Back in March, I built a quick code review bot using the OpenAI API. It was a proof of concept. Over the summer, I turned it into a proper GitHub Action that runs on every PR. It's been running for two months now and I have real data on what works and what doesn't.
The Architecture
The GitHub Action triggers on pull_request events (opened, synchronize). It fetches the diff using the GitHub API, splits it by file, and sends each file's changes to GPT-4 with a carefully crafted system prompt. The responses come back as structured JSON with file paths, line numbers, severity levels, and comments. The action then posts these as inline PR review comments.
The whole thing is about 400 lines of TypeScript. The action runs in under 2 minutes for most PRs and costs about $0.50-1.50 per review depending on the PR size.
The System Prompt
This is the most important part and it went through about 15 iterations. The current version tells GPT-4 to focus exclusively on: bugs (logic errors, off-by-one, null reference), security issues (injection, auth bypass, data exposure), performance problems (N+1 queries, unnecessary computation, memory leaks), and error handling gaps (unhandled exceptions, missing validations).
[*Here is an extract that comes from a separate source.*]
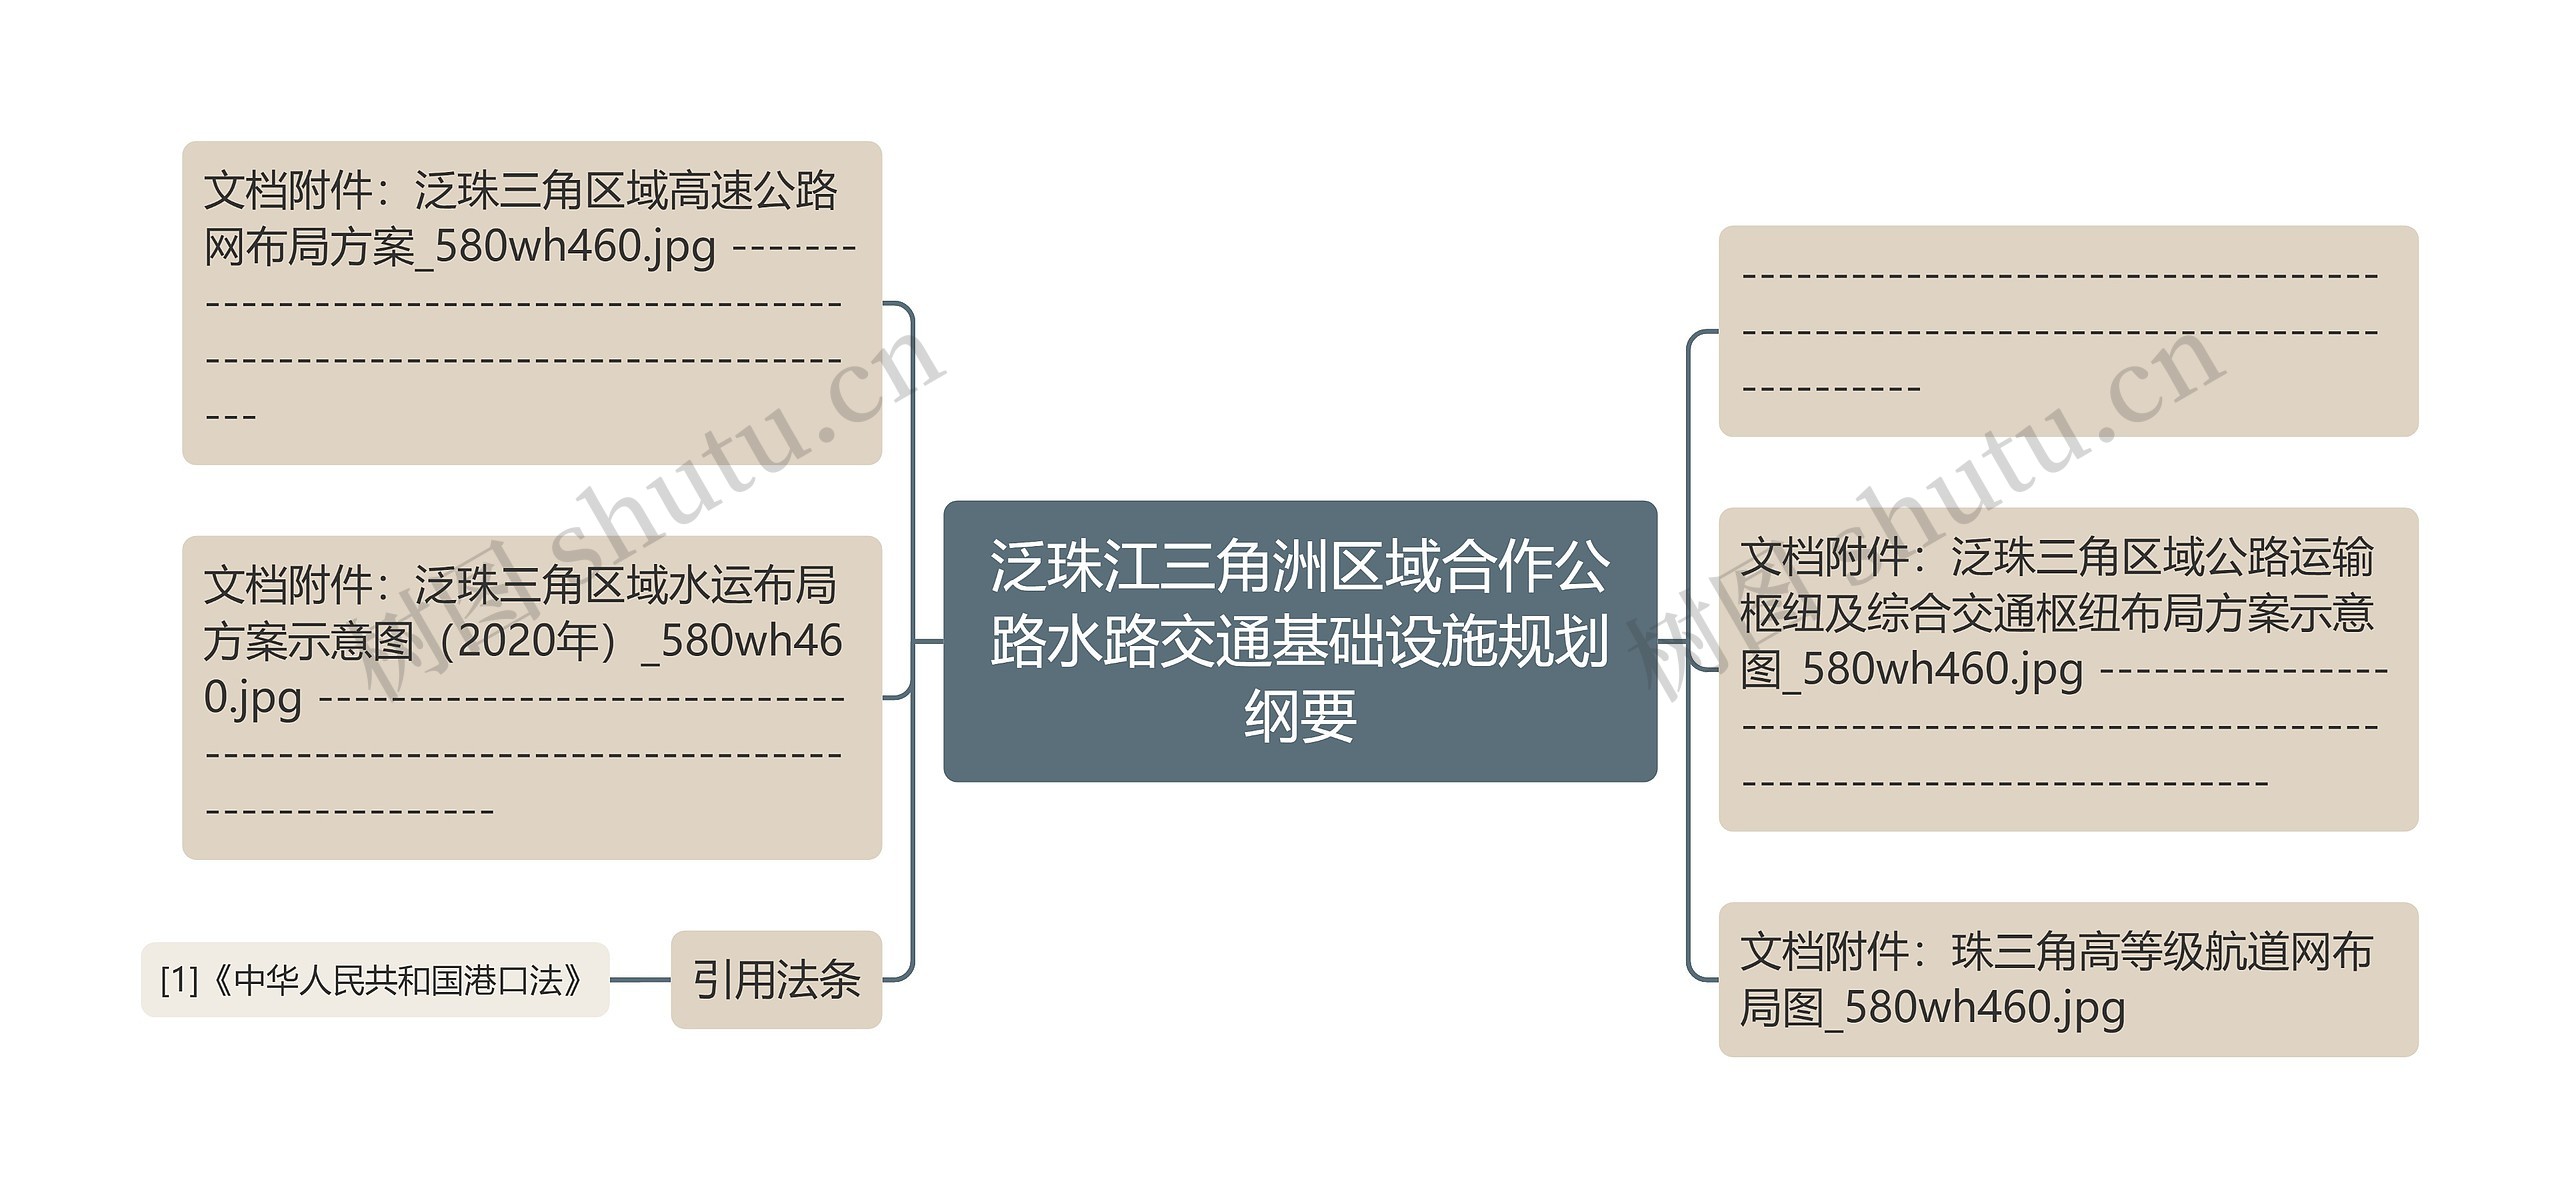 泛珠江三角洲区域合作公路水路交通基础设施规划纲要

Critically, I tell it to ignore: code style, formatting, naming conventions, and minor improvements. Without this constraint, the bot comments on everything and the signal-to-noise ratio is terrible. You want your AI reviewer to be the developer who only speaks up when something actually matters.
I also include a line that says: "If you're not confident an issue is real, don't comment. False positives are worse than missed issues." This reduced the noise significantly.
What It Catches
Over two months and roughly 60 PRs, the bot has made about 180 comments. I categorized each one:
- Genuine bugs: 23%. Missing null checks, incorrect comparison operators, promises not being awaited, array index out of bounds. These are real issues that would have caused problems.
- Security concerns: 8%. A SQL query built with string concatenation, a JWT not being verified, user input not being sanitized. Lower volume but high value.
- Valid improvements: 35%. Better error handling, performance suggestions, edge case considerations. Not bugs, but genuinely useful suggestions.
- False positives: 20%. Flagging something that's actually fine, or suggesting a change that wouldn't improve anything. These are noise.
- Obvious/redundant: 14%. Pointing out things I was already aware of or that were handled elsewhere in the code.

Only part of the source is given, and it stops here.